Toroweap Overlook on the north rim of the Grand Canyon National Park, Arizona. Photo Credit: kojihirano (iStock).

Toroweap Overlook on the north rim of the Grand Canyon National Park, Arizona. Photo Credit: kojihirano (iStock).

According to the CDC, a large outbreak of acute gastroenteritis took place among Grand Canyon recreators earlier this year, from April 1 through June 17, during which time at least 222 rafters and backpackers became infected with serious illness expected to be norovirus-related.

As people started to become infected, it's likely that the highly transmissible nature of norovirus-associated acute gastroenteritis contributed to its rapid spread, especially considering the close-quarters situation present on many rafting and backpacking trips, with at least 191 rafters impacted, along with 31 backpackers.

Extreme vomiting and diarrhea were reported among those infected, with this being the largest documented outbreak of gastroenteritis to ever happen in Grand Canyon National Park.

It's not exactly clear what led to the rapid spread, though an investigation found that use of common campsites may have been a contributing factor.
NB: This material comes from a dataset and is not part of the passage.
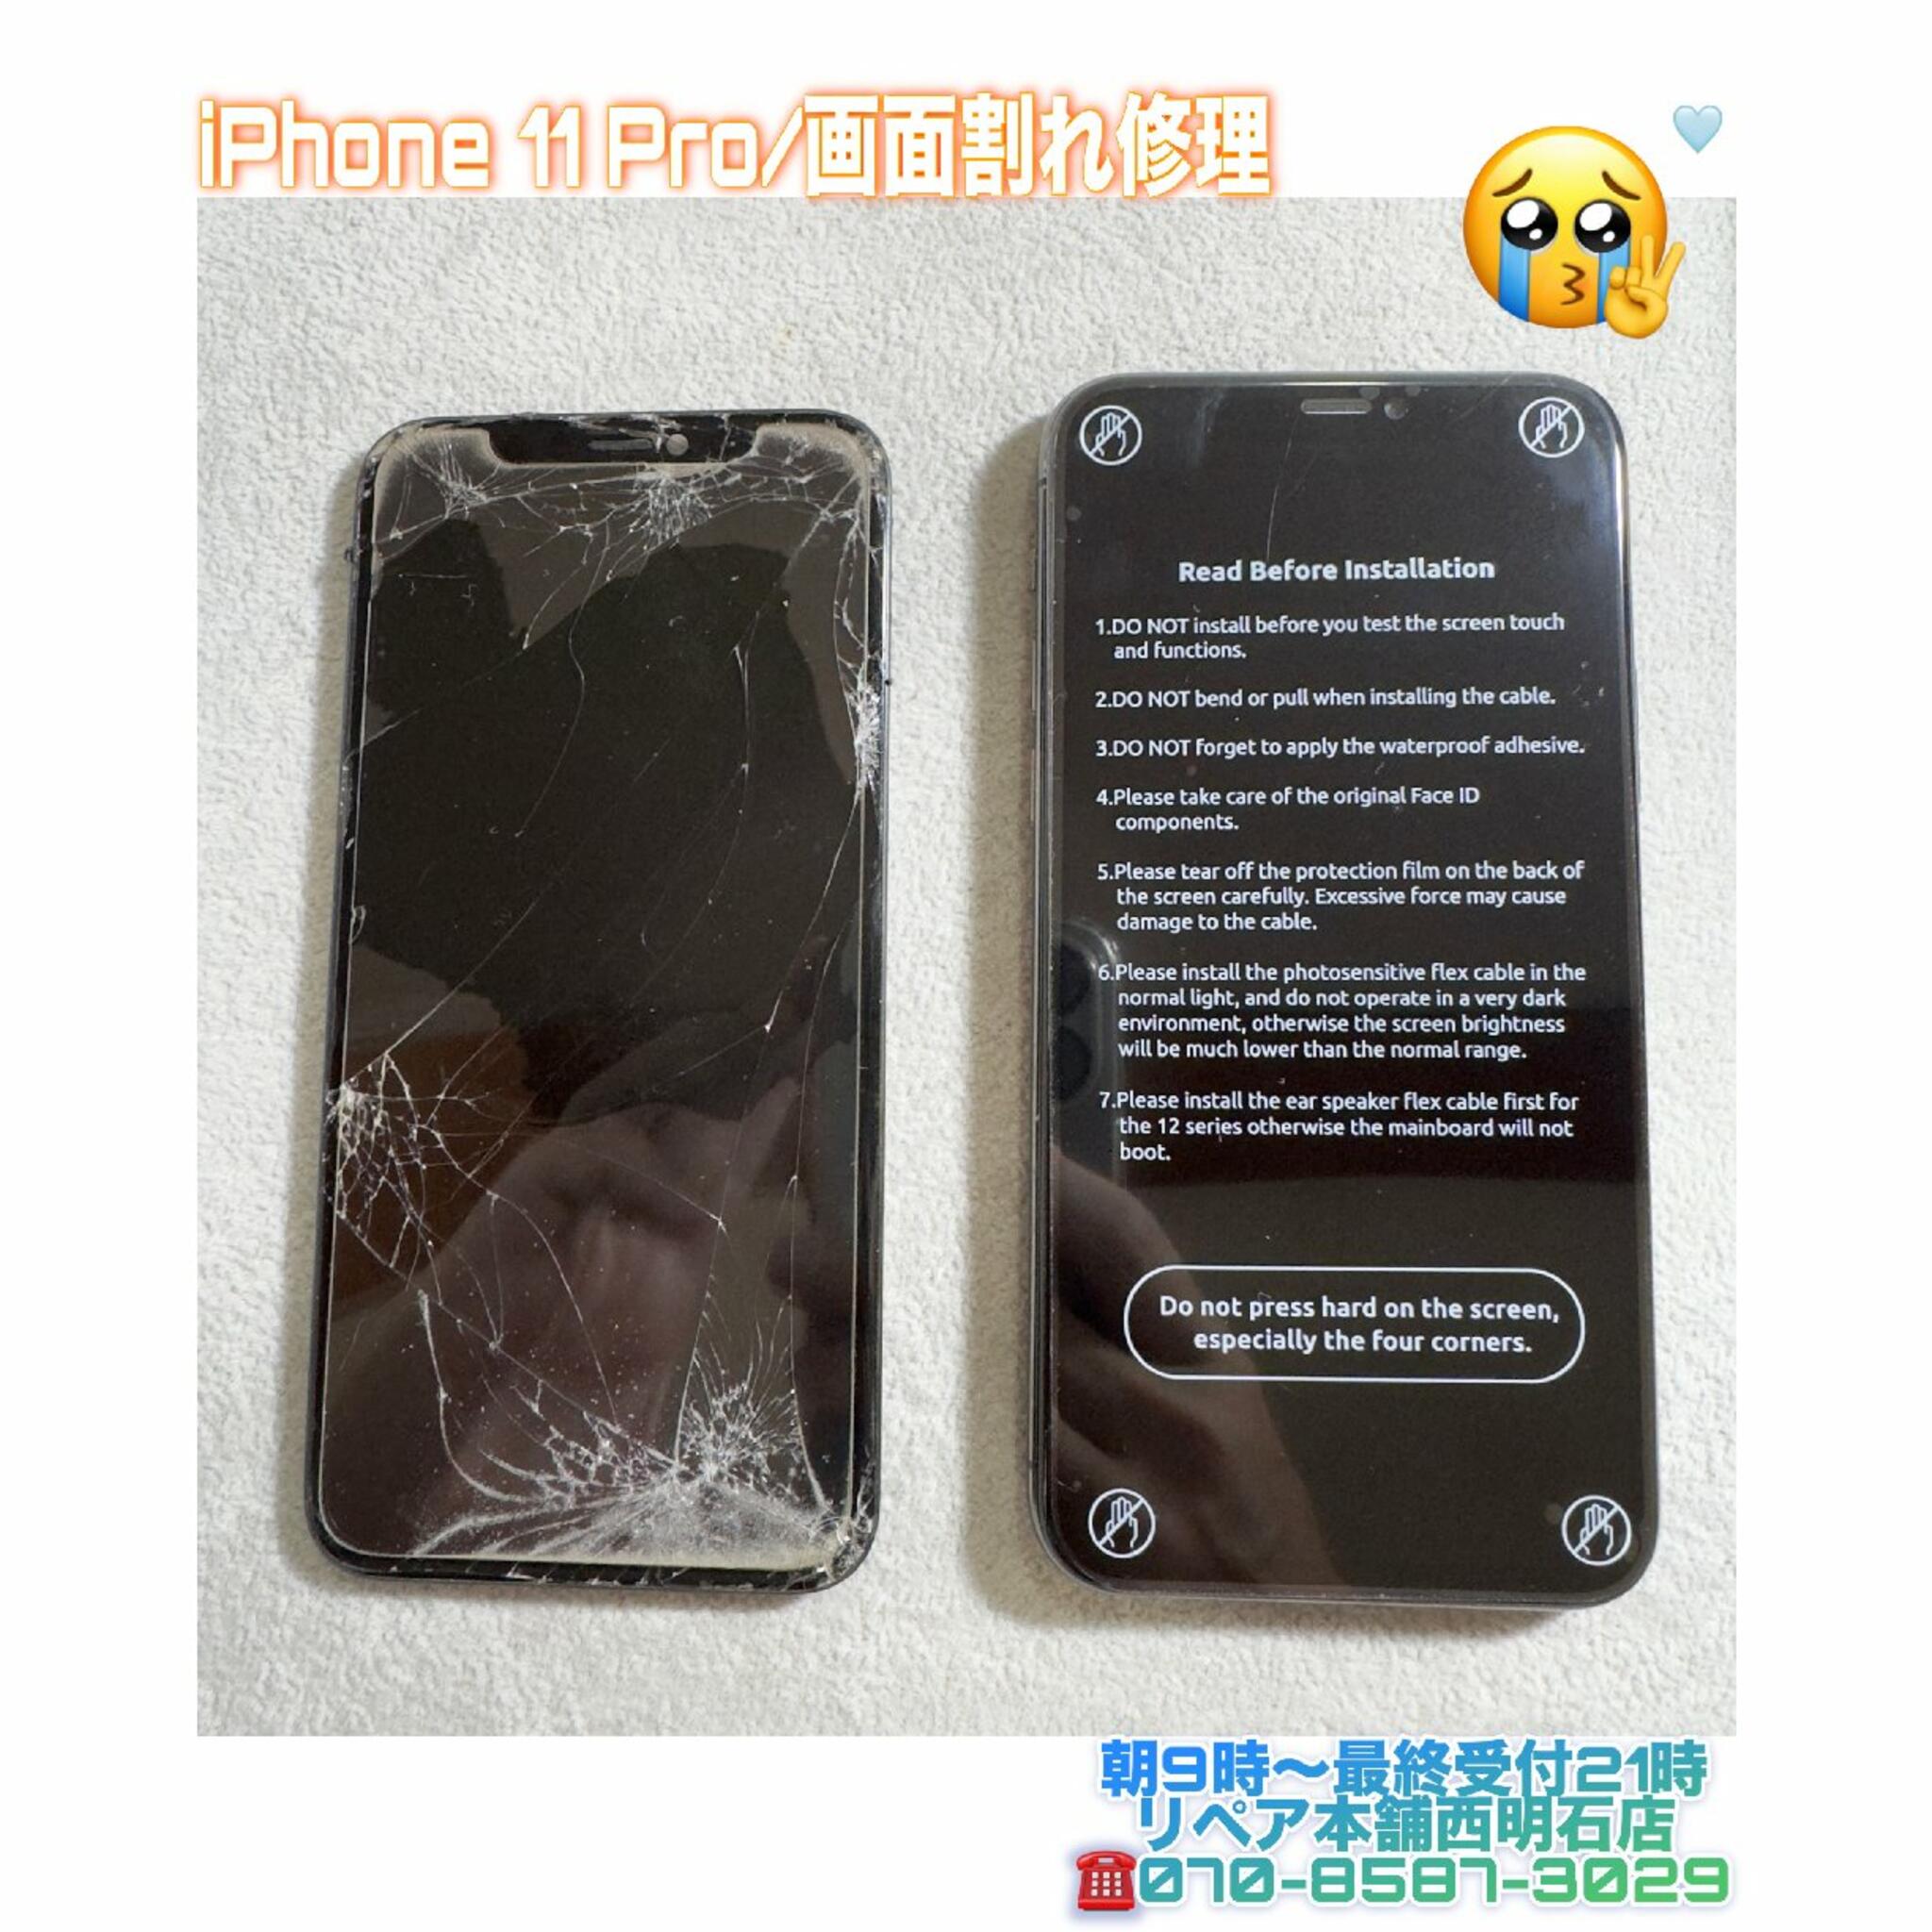 iPhone修理 明石 リペア本舗 西明石店からのお知らせ(💡神戸市西区の方より、iPhone 11 Pro画面割れ修理のご依頼を頂きました🙂)に関する写真

With parties placing portable toilets in similar locations, it's likely particles of norovirus could have been transmitted to surfaces, beach sand, and river water, where it could be passed between groups.

While contracting a norovirus-related condition under normal circumstances can be dangerous and very uncomfortable, contracting something of this nature in the backcountry poses an entirely new range of threats. In a place where many sanitary options are limited and obtaining clean water is often inconvenient, a high rate of spread and dehydration can become serious issues.

This case shows the importance of working to maintain sanitary conditions in the backcountry.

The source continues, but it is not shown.